Hence, using $$||x|| =||A^{-1}Ax|| \le ||A^{-1}||||Ax||$$ we get that pre-image of bounded sets under $\lambda(A)$ is bounded.$\dots (**)$
Thus, $(*),(**)$ combined implies that pre-image of compact sets under $\lambda(A)$ is compact. So $\lambda(A)$ is proper.
(b) Couldn't come up with anything!
Please point out mistakes (if any) in part (a) and how to proceed for part(b) ?
Thanks in Advance for help!
As Mike Miller suggests, it is enough to show that $GL_n^{+}(\mathbb R)$ is connected.
However, I'll show this directly.
Let $A:\mathbb R^n \to \mathbb R^n$ be an automorphism. Then $\Lambda(A):S^n \to S^n$ is given by $(a_1, \dots ,a_n,a_{n+1}) \mapsto (A(a_1), \dots A(a_n),a_{n+1})/\|\Lambda (A) (a_1, \dots, a_{n+1})\|$. In a matrix, that is letting the function act by identity on the $(n+1)^{th}$ coordinate, and dividing by the norm of the vector it acts on.
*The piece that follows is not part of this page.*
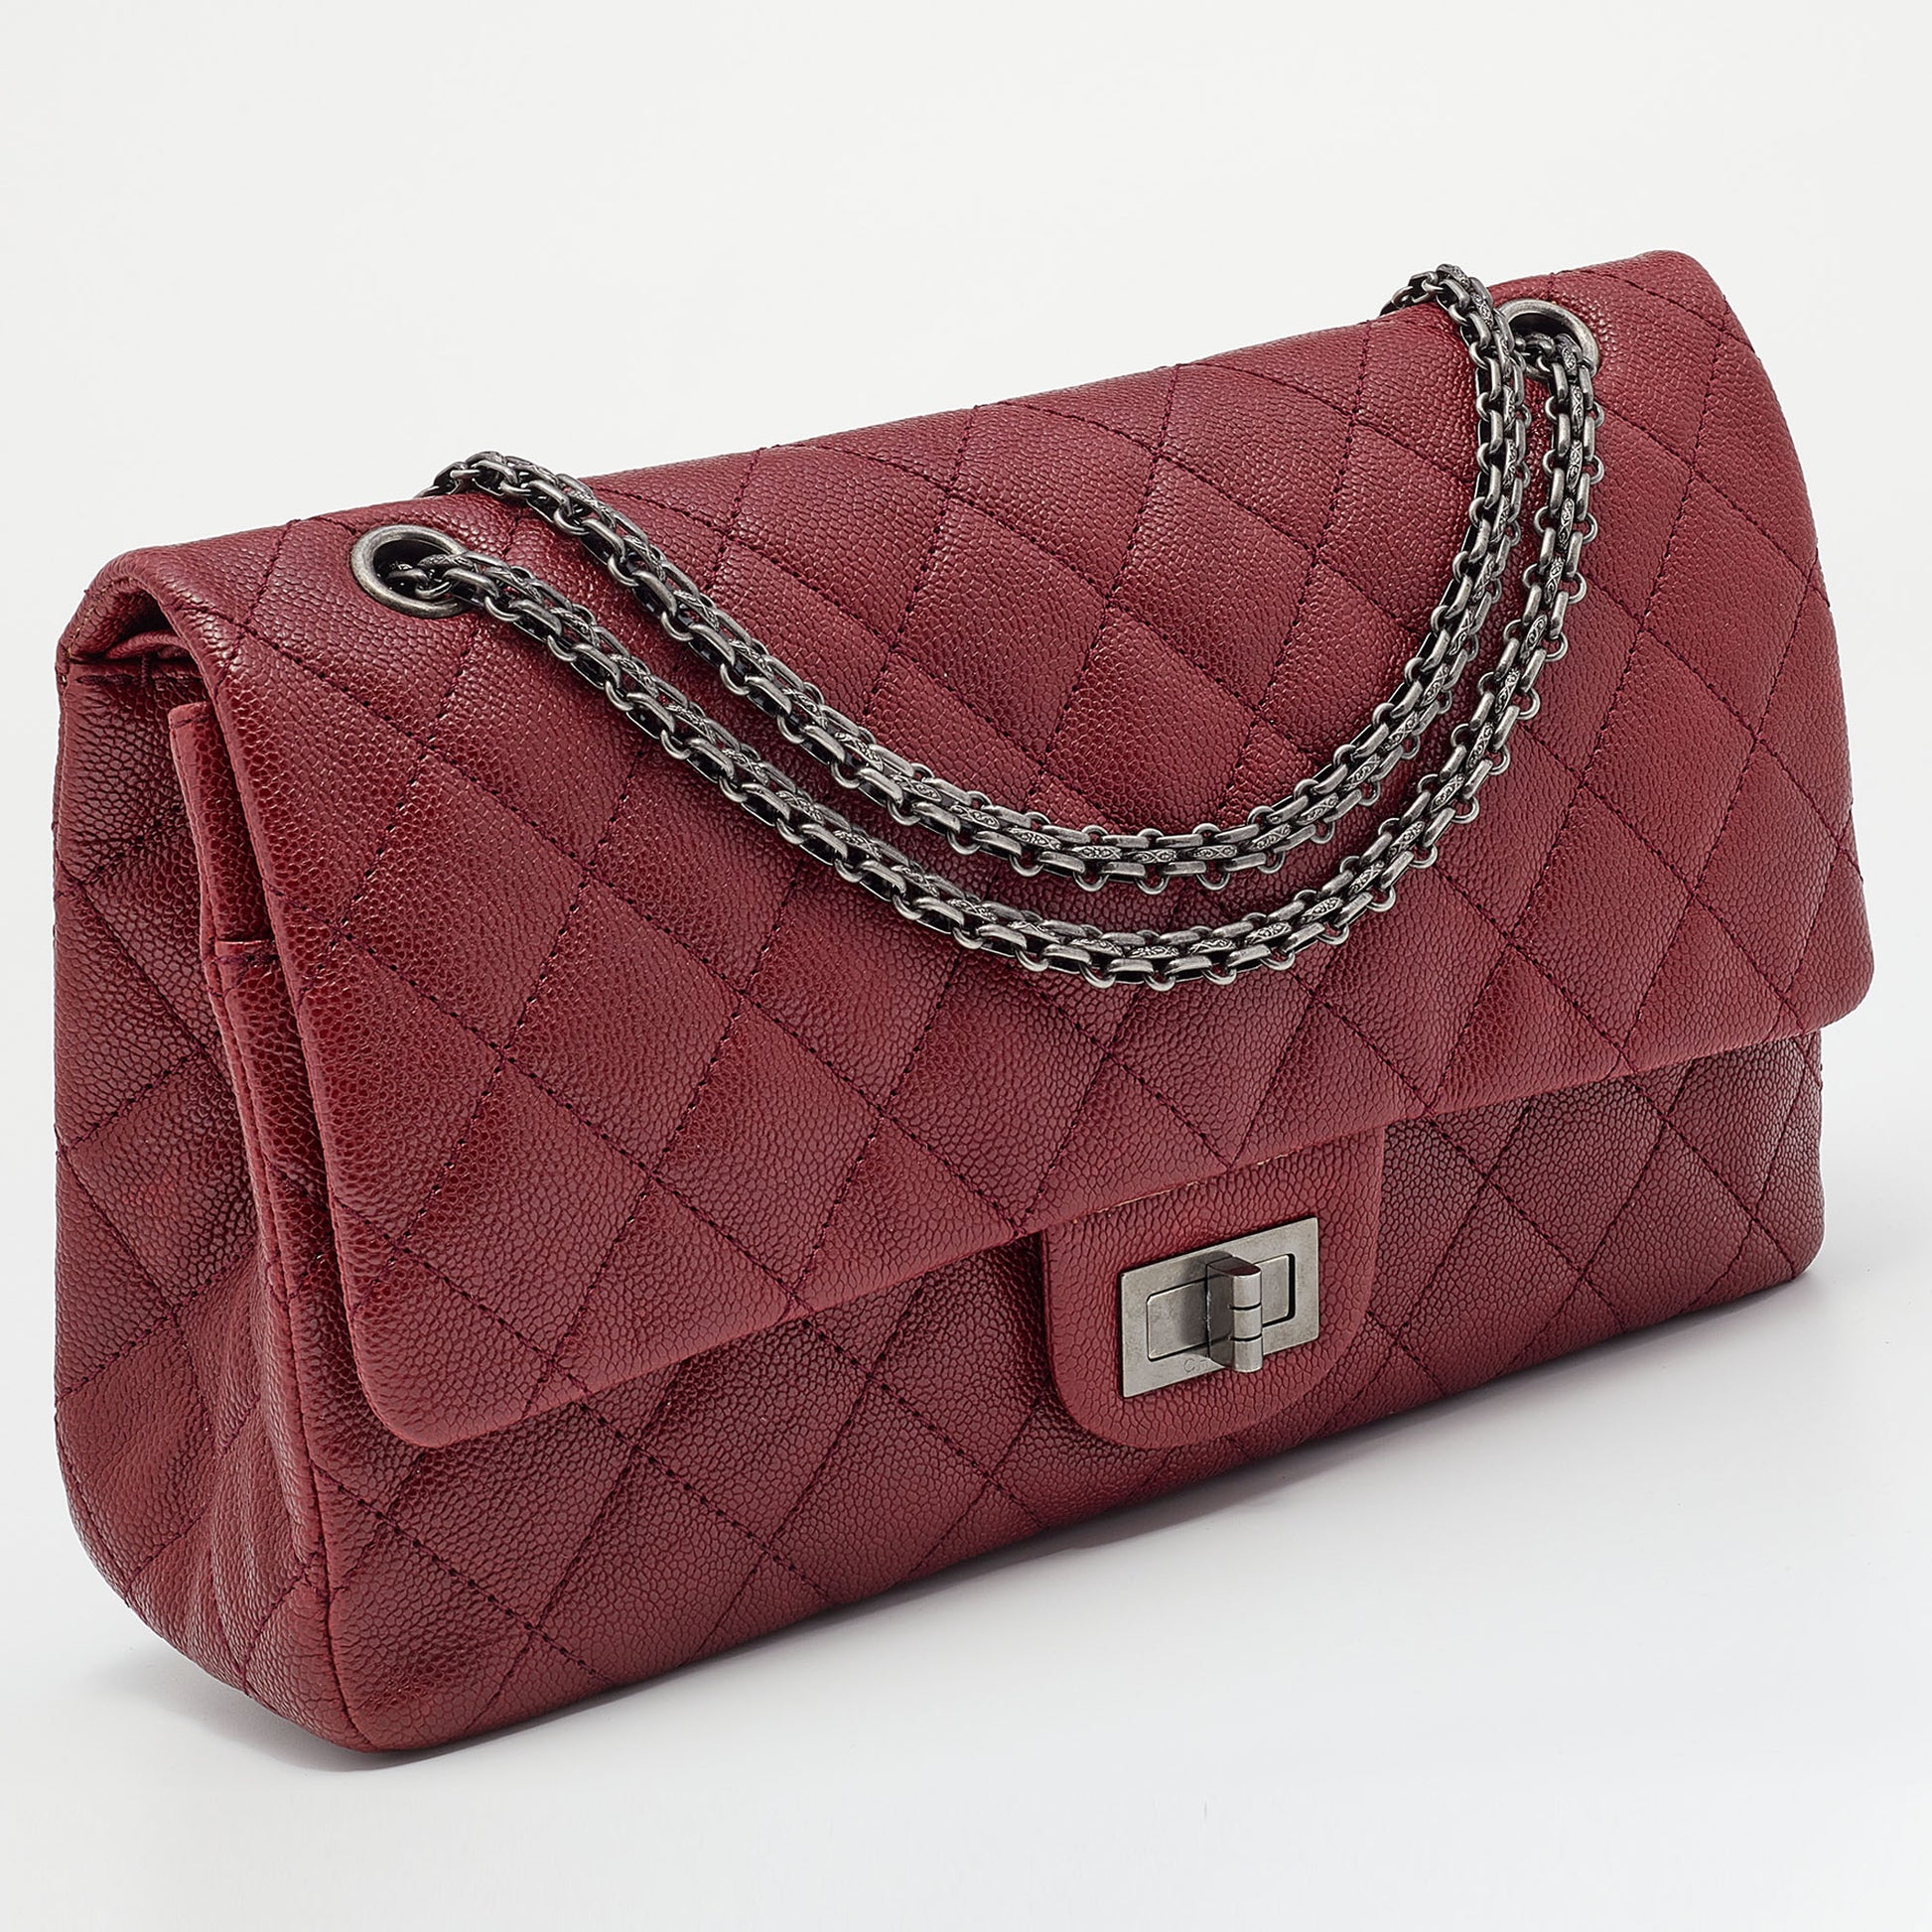 Chanel 10C Red Caviar Maxi Quilted Classic 2.55 Jumbo XL Flap Bag

We Supposing first that we have a homotopy of $$B:(a_1, \dots ,a_n,a_{n+1}) \mapsto (A(a_1), \dots A(a_n),a_{n+1})$$ to the identity map that is nonsingular at each step, we can obtain a homotopy on the sphere by dividing by the norm. That is to say, a homotopy $F:\mathbb R^{n+1} \times I \to \mathbb R^{n+1}$ will descend to a homotopy on the sphere granted that $\|x\|$ is not zero at any point which is guaranteed if $F_t$ is a nonsingular linear map at each step.
(This can basically be thought of as a map that regards the "positive span" of each vector as the same point, which intersects the sphere in a unique place.)
Actually, to be less wishy washy, a path in $GL_n^+(\mathbb R)$ is precisely a map that meets those criteria (after a choice of path component.) In the most extremely rigorous sense, there is a homeomorphism $Map((I,X),X) \cong Map(I \times X,X)$ given by $F(x(t))=F(X,t)$.
But anyhow, you can convince yourself in an easier way that it is enough to see that GL_n^{+}$ is path connected. A proof of this statement is essentially Gaussian elimination, which gives a finite sequence of steps to get to the identity. Create a piecewise linear path using these steps.